It’s doubtful that when Eduardo León Jimenes began his cigar factory in the Dominican Republic back in 1903 he had any inkling that the family business, La Aurora, would be around to celebrate its 100th birthday. It’s even less likely that he knew the cigar company he created would spend its centennial transitioning into the financial industry. However, after a century of creative enterprise – including transforming into a cigarette company, dismantling a brewery in Alaska, moving it after purchase to the Dominican Republic and acquiring Cerveceria Nacional Dominicana, the largest brewery in the country – the company, by then known as E. Leon Jimenes , was well poised to enter the banking business.
Following the country’s massive financial crisis in 2003, the Leon Jimenes family bought one of the largest failed banks and created Banco León. Eduardo León Jimenes’ grandson, Carlos Guillermo Leόn ’94, along with a team of brave professionals volunteered to lead this new initiative.
“The way I put it is, we were able to bring a bank back from the dead, but that’s easier said than done,” recalls León, adding with a laugh, “That’s when I say I lost most of my hair.”
After a revival that added to steady economic recovery, Banco León merged with Banco BHD in 2014, thus creating Centro Financiero BHD Leόn, the second largest financial group in the country. Its flagship organization, Banco BHD León, occupied the third largest and most profitable position in the country. Today, Carlos leads the capital markets division.
Unsurprisingly, the company’s rapid and unexpected evolutions didn’t end with the 2014 merger.

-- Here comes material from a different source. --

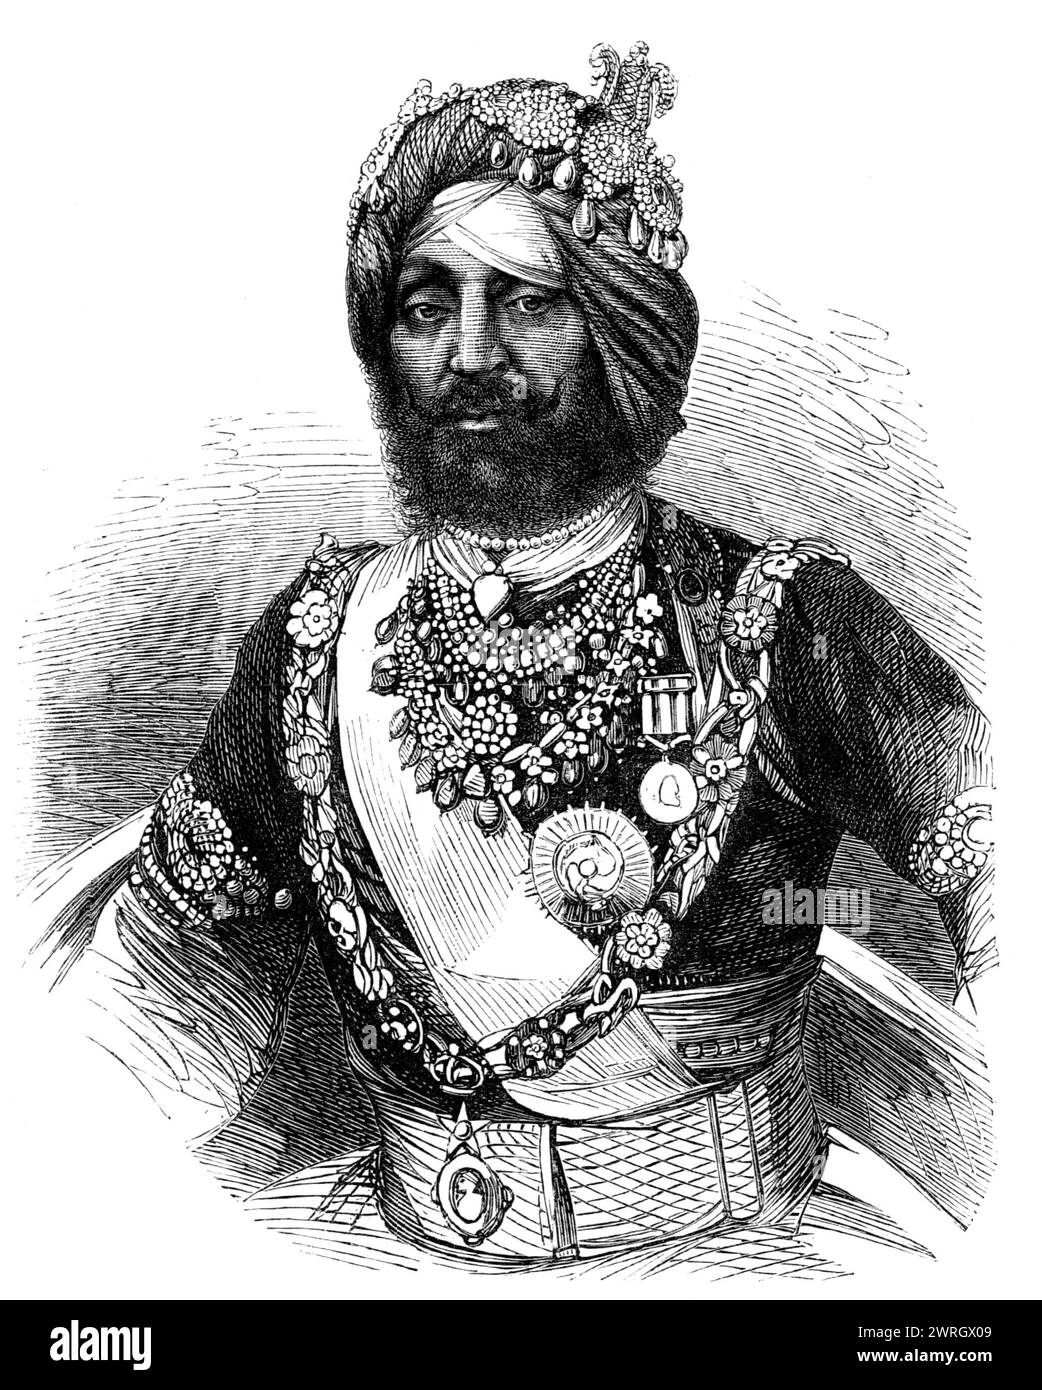 Il Rajah di Kapoorthalla, Cavaliere dell'ordine della Stella dell'India, 1864. "Il Rajah Randhir Singh, di Kapoorthalla, è uno dei principi del Punjaub che Sir John Lawrence, Governatore generale dell'India, ha premiato soprattutto i suoi pari e connazionali per i suoi leali servizi alla regina Vittoria nel prestare aiuto per reprimere l'ammutinamento e la ribellione del 1857. Al Grand durbar, o assemblea, che si svolse a Lahore il 17 ottobre... il Rajah fu solennemente investito da Sir John Lawrence con l'ordine della Stella d'India, avendo già ricevuto dal governo di Lord Canning, Foto Stock

“We’re changing the entire nature of the business,” says Leόn, explaining that, along with government and corporate bonds, Centro Financiero BHD Leόn is able to offer a new alternative in the form of mutual funds. “For a market like the Dominican that is new and where there are no real equity transactions, this is exciting. We are the leader by far, with more than 25 percent market share in this business.”
While riding the tumultuous waves of the Dominican Republic’s financial crisis wasn’t easy, Leόn says that his time at Kellogg offered useful guidance.
“When going through a crisis of that dimension it’s tempting to just give up,” he says. “But all the emphasis at Kellogg on teamwork and on persevering really helped me get through the more difficult times."
Because of his effort to see the crisis through to the end, Leόn no longer has to pretend to be optimistic.
“The Dominican economy has been growing at a very nice, consistent pace, but we know that’s not going to last forever,” he says, citing the tourism industry as a current source of positive revenue. “There’s a huge opportunity in our capital markets in terms of corporate and commercial loans and we’re seeing more participation in consumer lending. Our strategy is starting with very simple products so the public can understand what’s behind these mutual funds, and then we slowly take them through the journey by offering more and more sophisticated products in line with clients’ risk appetite.”
Leόn emphasizes that simplicity and transparency are crucial, especially when introducing financial markets to the developing world.
“I think the KISS rule, meaning ‘keep it simple, ******,’ is a global rule,” he says. “You don’t want to break a leg on the first day, but rather slowly work your way up. And by offering things that are easier to understand, we’ve been more accepted by the public.”